Утолив жажду, огляделся кругом. Глазам его представились: с одной стороны скала, с другой — ели да цепкие сплошные кусты держидерева.
— Добре… Молодцы… Спасибо… А теперь идите… Так лучше… Так надо!.. — произнес он тоном приказа.
Перед глазами у него поплыли красные круги, в ушах загудело. Мертвенная бледность покрыла лицо.
— Лишь только уйдут эти хортики, мы деда Микулу позовем. Он умеет лечить раны, пан учитель… — навзрыд заплакала Маричка и, устыдившись, своих слез, убежала.
Мишка медлил уходить. Сердце его сжималось от глубокой жалости и страха: не истечет ли кровью партизан, пока скроются жандармы? Мальчик еще раз посмотрел в лицо учителя, точно хотел запомнить на всю жизнь, и встретил его взгляд, испытующий, пытливый.
— Я вижу ты, Михайлыку, настоящий легинь и умеешь молчать, правда?
Пастушок потупился от такой похвалы, но тут же выпрямился: если надо, он готов язык проглотить.
— Ты знаешь батрачку Анцю Дзямко?
— Айно, пан учитель. Мы с нею батрачим у старосты.
— А Микулу Ко́реня?
— Так то же мой дедо! Вы и его знаете? — удивился Мишка.

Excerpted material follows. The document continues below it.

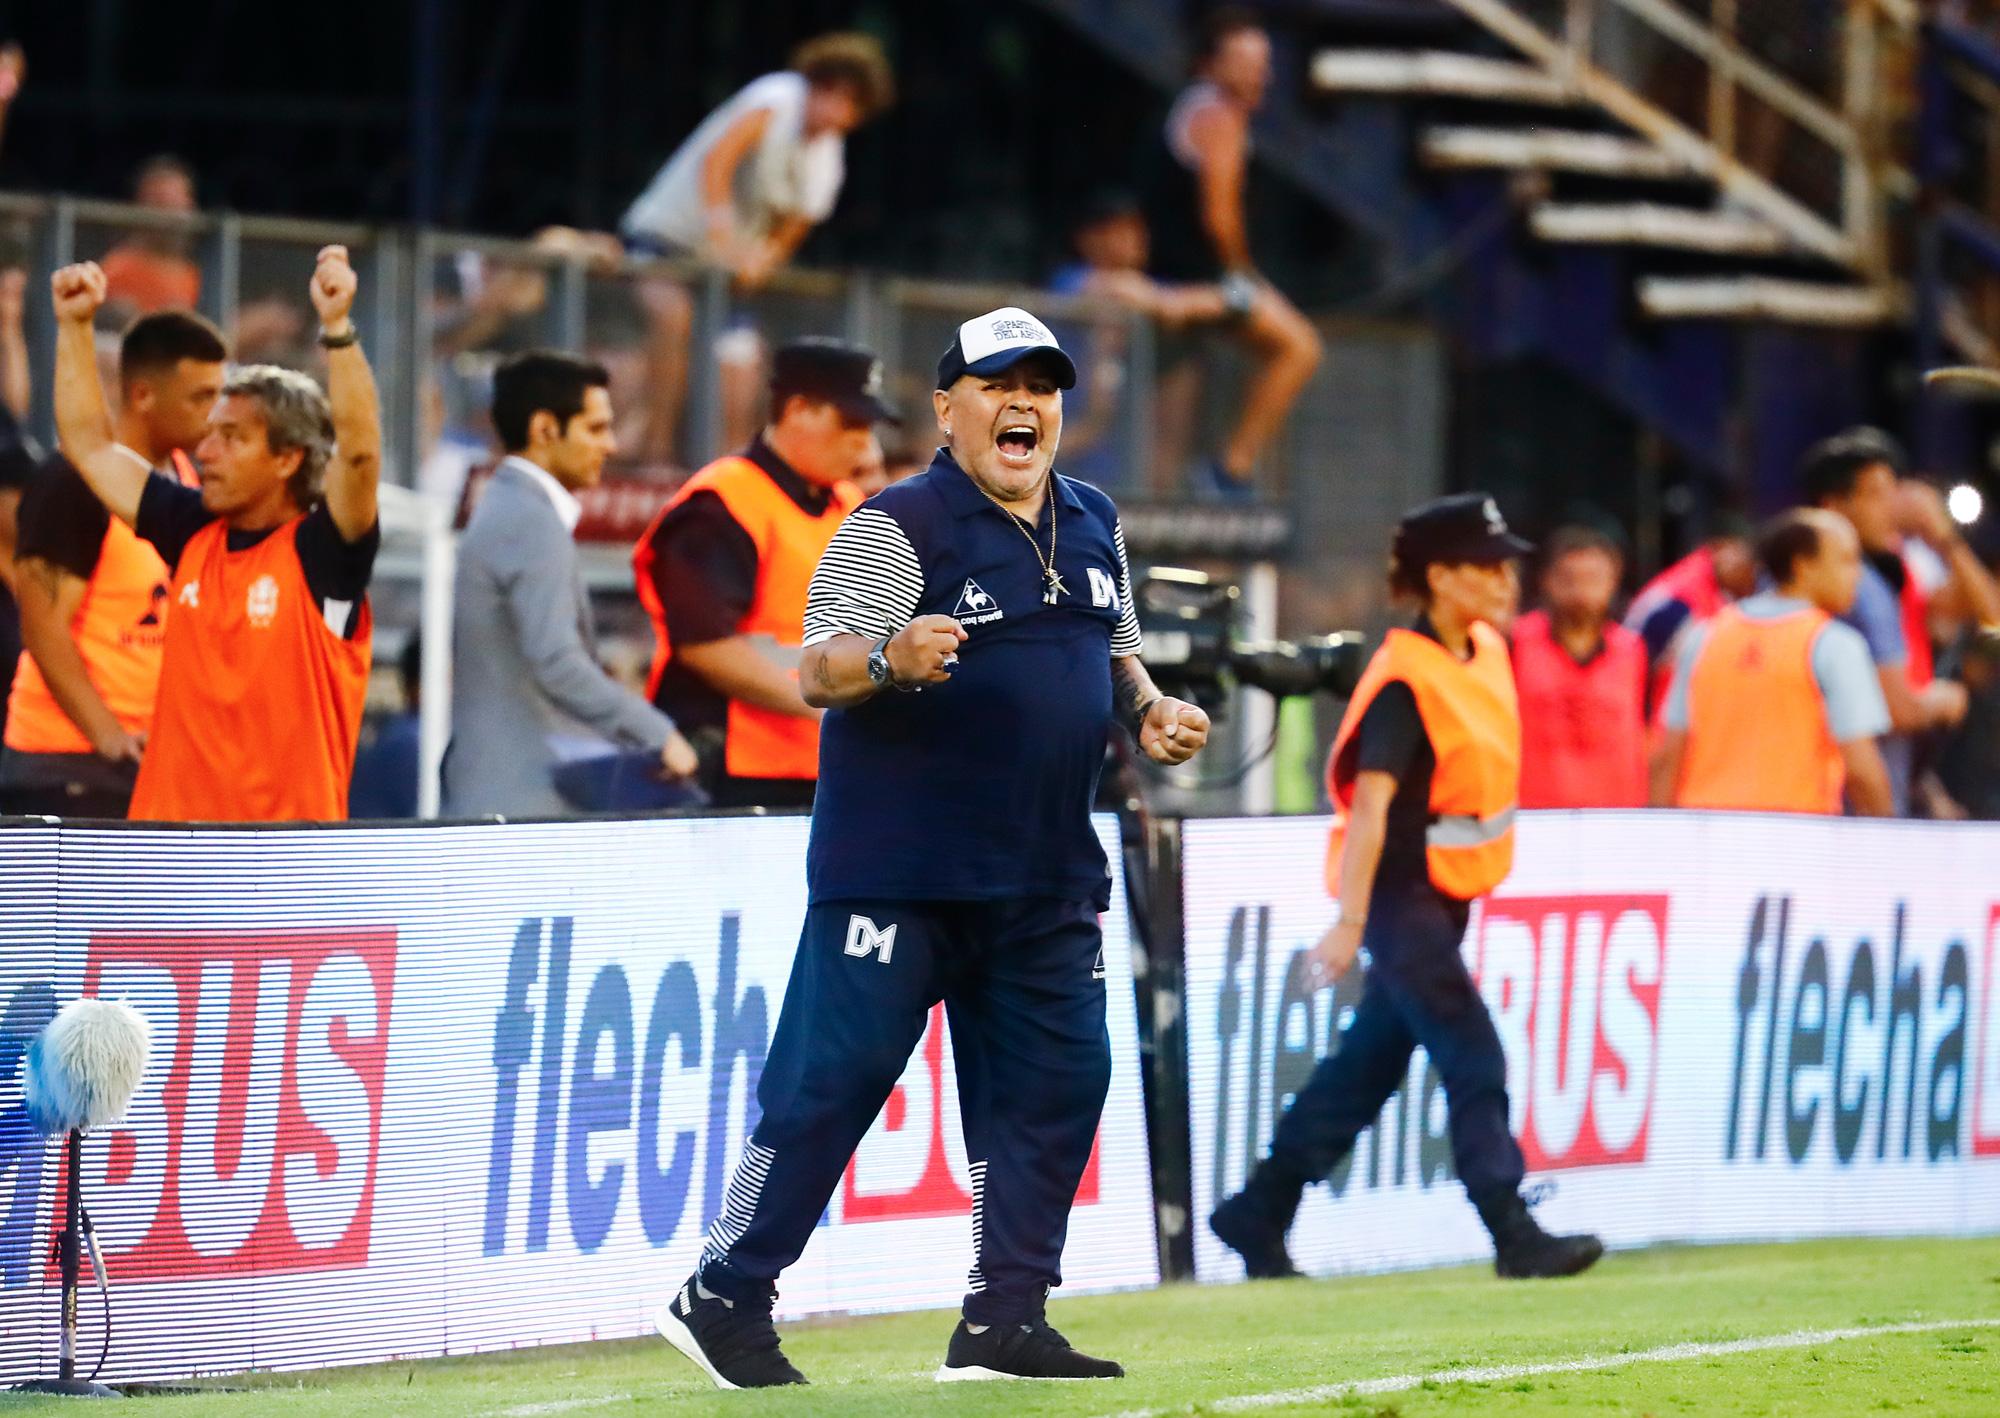 Cuộc đời Maradona qua ảnh: Đầy vinh quang nhưng cũng lắm tranh cãi - Ảnh 25.

— Знаю. Слушай меня, Михайлыку, добре. Ты говорил, что партизанить будешь. Вот тебе задание… Если со мной что случится… А ведь все может быть… У меня, оказывается, лишь один патрон остался. Даже отстреливаться нечем будет… Так вот слушай: постарайся сразу же увидеть Анцю или деда Микулу. Передай им, что тоннель мы не взорвали… Нам устроили засаду. Подстерегли нас, понимаешь?..
— Айно, пан учитель…
— Между нами был страшный человек, зраднык — доносчик… Он нас предал… — Часто дыша, партизан продолжал: — Некоторых им удалось схватить… Остальные погибли… Скажи им, что видел я с ними Лущака. Он зраднык. Проклятый доносчик!.. А теперь повтори мои слова, Михайлыку!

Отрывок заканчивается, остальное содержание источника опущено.